Posted by on 20 January 2013 - 09:53 PM

Someone please correct me if I'm wrong, but I remember hearing (or reading on here maybe) that if someone with NCGI continues to eat a high gluten diet, they could still suffer some damage in the small intestine from all the aggravation from the gluten, and eventually lead to leaky gut issues. Is that true? Just making sure I have my facts straight...
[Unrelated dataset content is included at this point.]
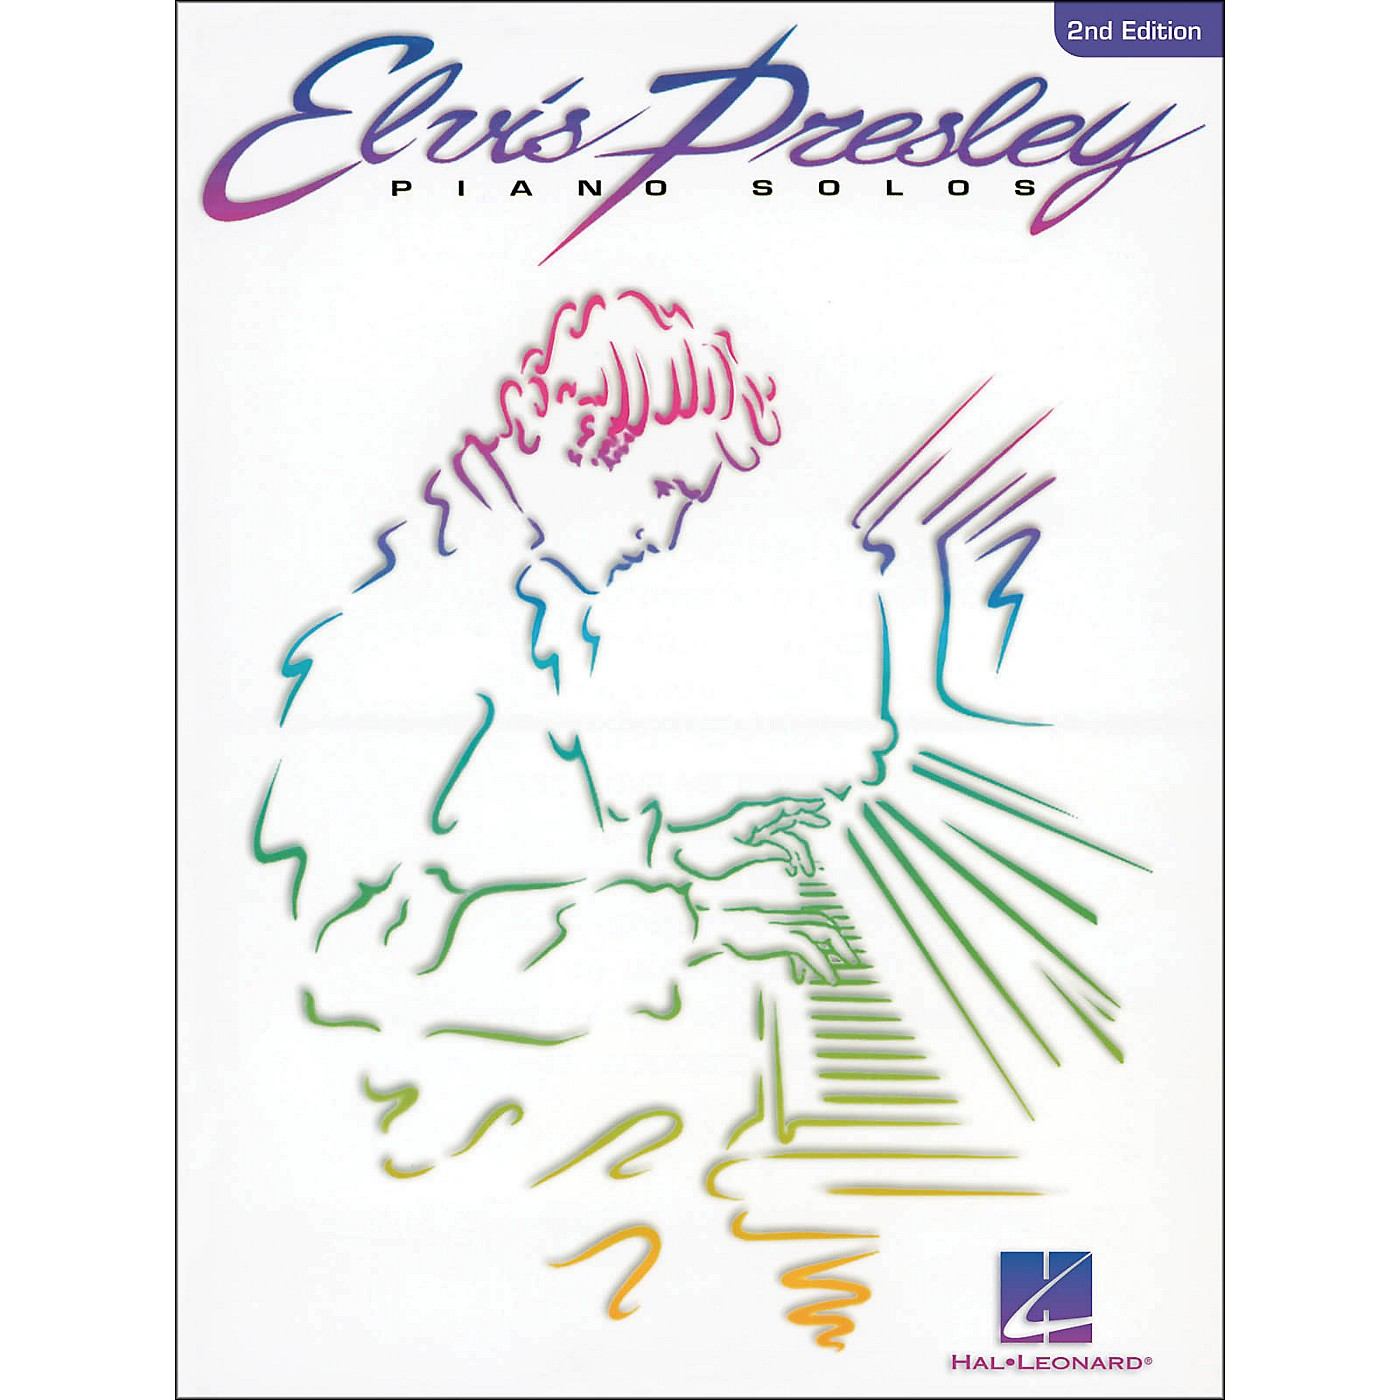 Hal Leonard Elvis Presley Piano Solos 2nd Edition thumbnail

Giggleburger - it definitely sounds more of a mental thing, especially in social settings. Sure, its weird for all of us at first to not be included in all the seemingly wonderful things when we're out with gluten eaters, but you get over it. The more casual you are with "Thats ok, I cant eat gluten" the less of an issue it is. My sister is self-diagnosed NCGI, and everyone has accepted it and she's now completely gluten free. There are some great apps for smartphones that show you the places to eat in your area that offer gluten free options - there may be more than you think. Try "Gluten Free Registry" (its free) and you can check it out. At the end of the day, you have to make an active personal choice about doing what your body wants you to do, or what your social life suggests that you do.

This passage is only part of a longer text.